There is a widespread expectation that the US as well as the whole world have entered or will be in recession amid the coronavirus pandemic. Goldman Sachs and JPMorgan forecast a more than 20% US GDP contraction for next quarter[1] . The International Monetary Fund declared a global recession[2] . In this blog, the impact of the past five recessions on regional housing markets is examined and sheds some light on what may occur during this coming recession.Figure 1 shows the percentage of markets within a region that had a more than 1% nominal home price decline one year into a recession[3] . As we can see from the chart, the 2007 recession, the Great Recession, was the only time we saw a nationwide housing market downturn, which didn’t come as a surprise as the Great Recession was caused by the housing bubble burst. The 2001 recession that started from the .com bubble burst had very little impact on the nominal home prices. There were less than 5% of markets that had a more than 1% home price decline in the Pacific region, where the .com bubble burst. For the 1990, 1981 and 1980 recessions, some regions were affected more than others but all of them were far from a national meltdown.

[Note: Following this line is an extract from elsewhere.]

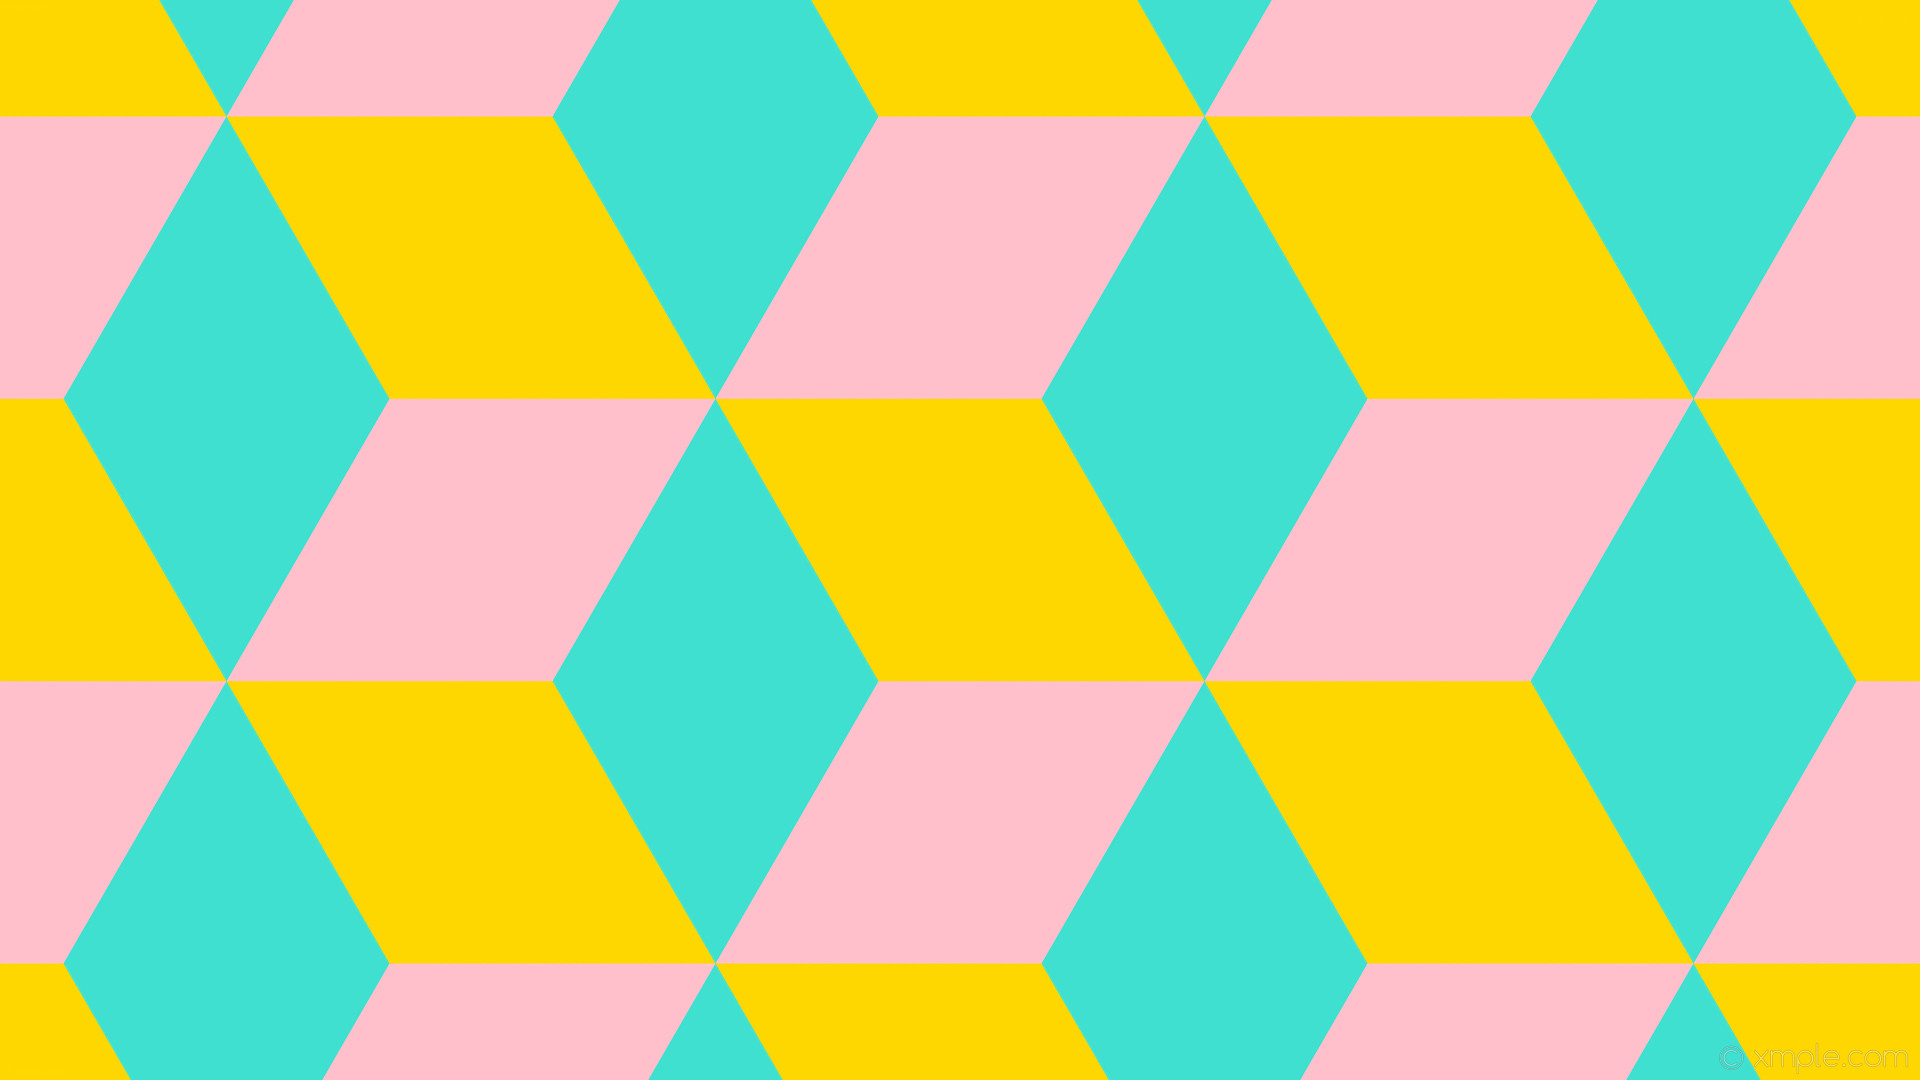 1920x1080 wallpaper 3d cubes yellow blue pink gold turquoise #ffd700 #40e0d0 #ffc0cb  330Â°

Figure 2 shows the nominal home price change one year into a recession for all census regions. Even after the start of the Great Recession after the December 2007 business cycle peak, the magnitude of the home price depreciation varied region by region, ranging from about a 5% decline in the East South Central region to almost a 25% decline in the Pacific region one year into the recession. The 2001 .com bubble burst recession had never stopped the nominal home price from appreciating in all regions, even in the Pacific region where the .com bubble burst. For the 1990, 1981 and 1980 recessions, most regions had positive home price growth one year into the recession except for three occasions: New England and Middle Atlantic in 1990 and East North Central in 1981...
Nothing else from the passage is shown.